A big CONGRATULATIONS to you !!!!


----------



## Guest (Jun 13, 2006)

Congratulations!!!














I'm so happy for you!


----------



## NewMom328 (Apr 15, 2005)

Yay Amber!!! I already said congrats on the other thread but congratulations again on this beautiful boy!!!!






























How about Jake or Jack as a name? Sticks with the J sound...


----------



## kwaugh (May 8, 2006)

I can't wait to see more pictures!!

Karyn


----------



## mimi2 (Mar 29, 2005)

Congrats!!














He is beautiful!!!


----------



## Carol Ann (Dec 5, 2004)

CONGRATULATIONS!!







Can't wait to hear more about him!


----------



## Caesar's Mommie (Apr 8, 2004)

Awww, how exciting and congratulations!!


----------



## 2maltese4me (May 8, 2006)

Congratulations on your up-coming arrival!!!!

I've read that if you stay with the same first letter you can change their name.


I've always loved the name Jesse for a boy...Jagger is really cute too.


----------



## mwend (Dec 27, 2005)

CONGRATS! my choice for boy names would be Rio, Skye, Shaw....my favorite dog I ever had (next to Chloe of course) was this cute little mutt we had named Scottie.


----------



## Zoe and Bella's mom (Jan 23, 2006)

CONGRATULATIONS







I am soooo excited for you and can't wait to see more pictures!

ginny & zoe & bella


----------



## lynda (Oct 11, 2005)

CONGRATULATIONS























If Sheila says he is sweet than you can count on it.
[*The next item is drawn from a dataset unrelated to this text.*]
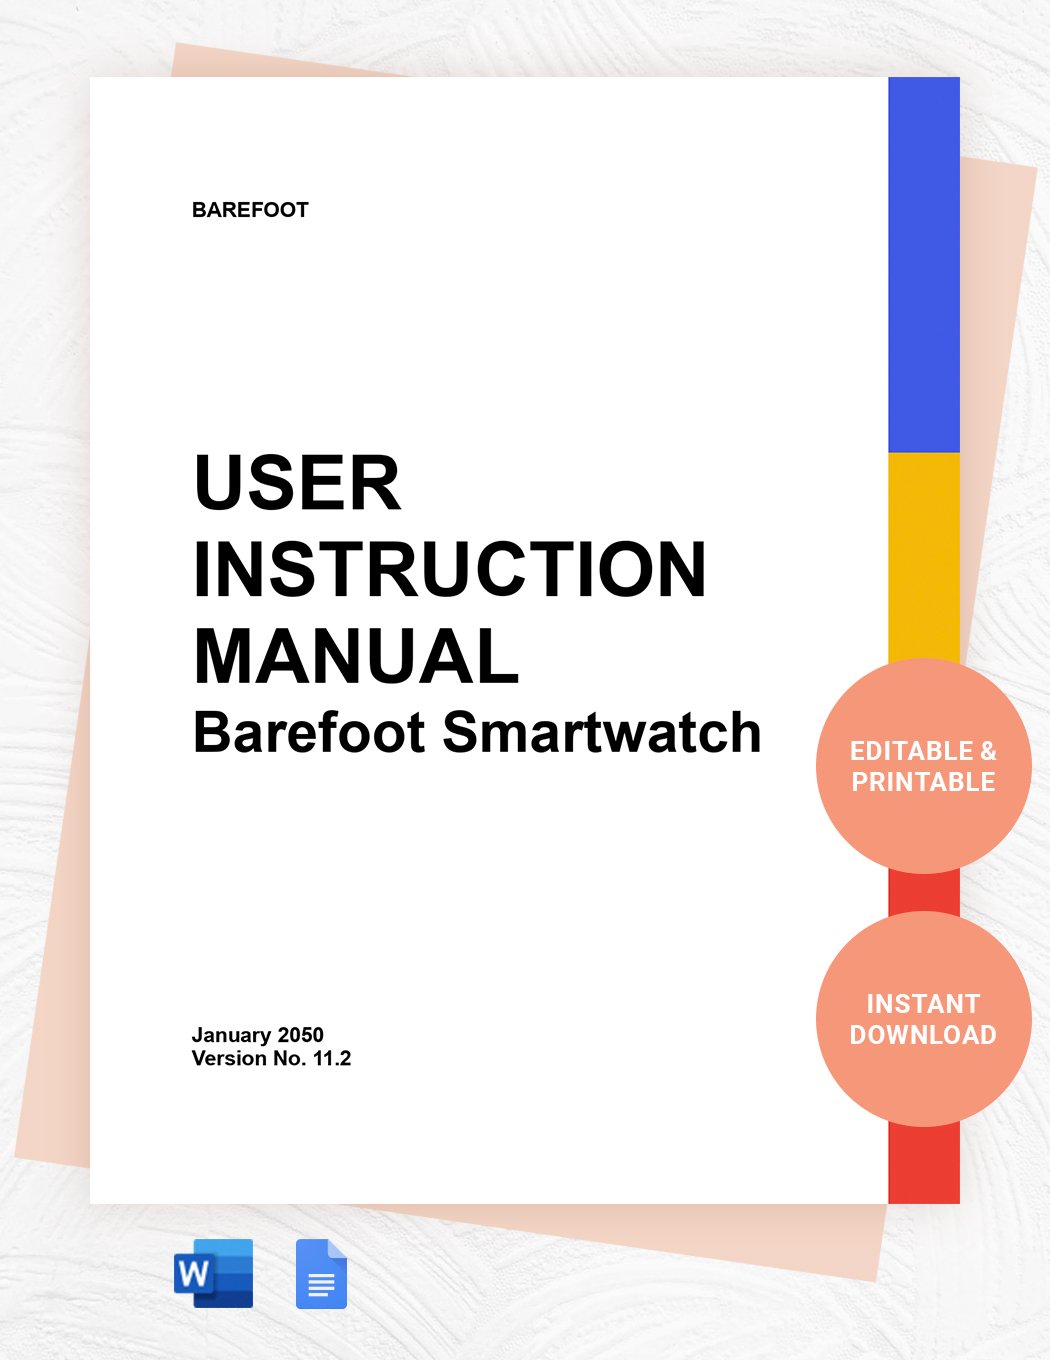 User Instruction Manual Template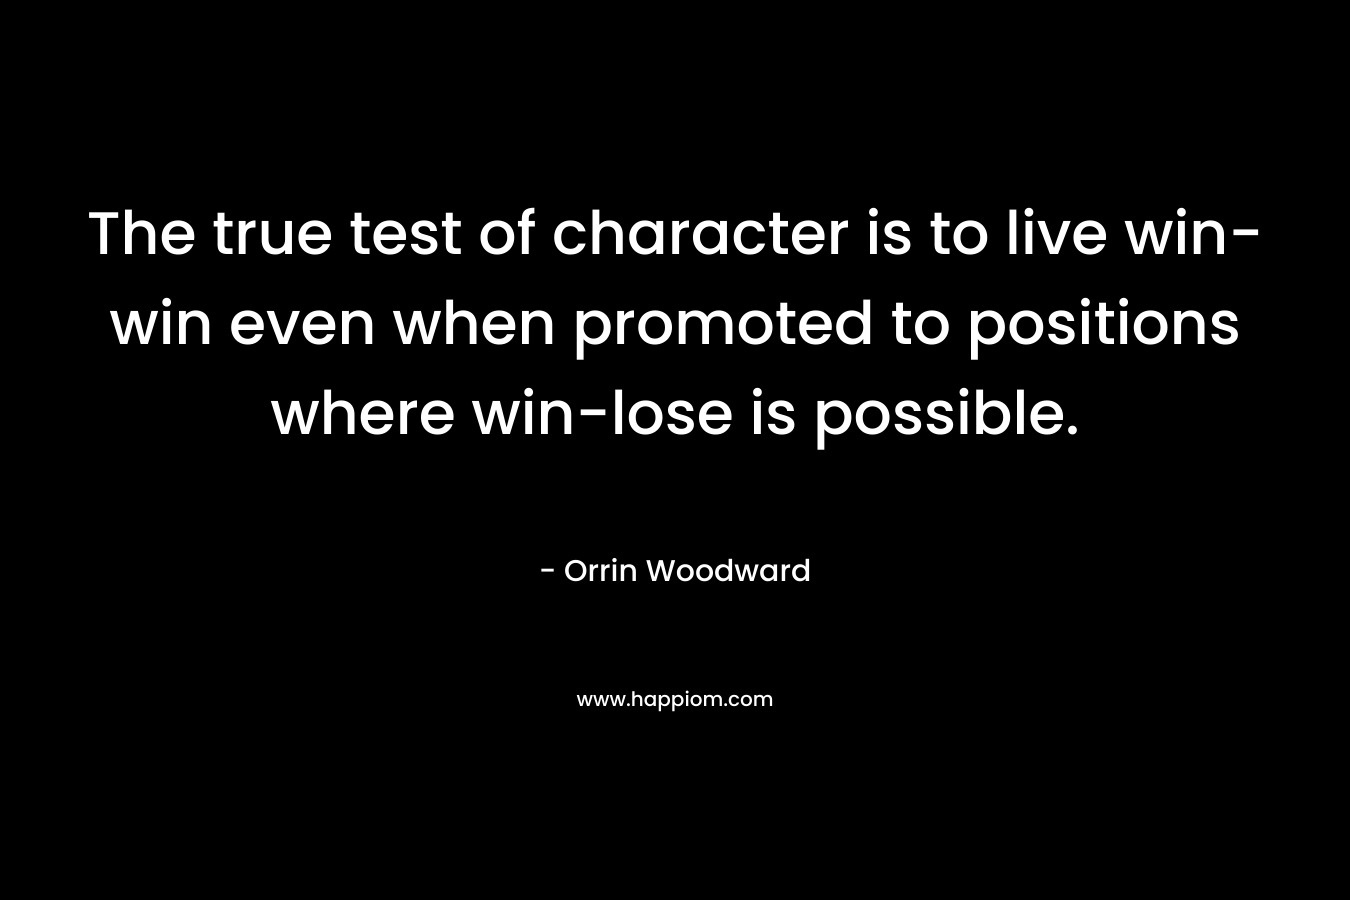 The true test of character is to live win-win even when promoted to positions where win-lose is possible.

She is a very caring breeder. I could not be happier with my Katie. Sheila told me she was very sweet and she sure was right.

Another good thing about Sheila, she always gets back to you if you have any questions. I send her pictures of my girls now and then and she always takes the time to thank me.

Best Wishes
Lynda, Chloe and Katie

PS,
That is a fantastic price







. Can't wait to see more pictures.


----------



## sassy's mommy (Aug 29, 2005)

Congratulations! Can't wait to see more pictures.


----------



## jude'n'jools (Apr 6, 2006)

Congrats! Look forward to more pics


----------



## bellaratamaltese (May 24, 2006)

I have just realized that my house is a halfway point to Malt Angel's. I would be extremely willing to have you drive to my house, than we can take my car and drive up to Shiela's so that she doesn't have to drive to meet you. I am dying to see her dogs so no hardship on my part! I could even go fetch him for you (did I mention I really wanted to see her dogs????) I was trying to PM you but your box is full (or was last night!)


----------



## suzimalteselover (Mar 27, 2006)

Congrat's on your new little Boy!!







Loved the pic of his daddy...so very handsome!!


----------



## gwilbrin (May 29, 2006)

Congratulations! I want to see photos of him!!


----------



## Ellas Proud Mommy (Mar 4, 2006)

He's darling!!! You and Lilly are very lucky!!! MORE PICTURES!!


----------



## Bijousmom (May 29, 2005)

You are so lucky and I am so excited for you.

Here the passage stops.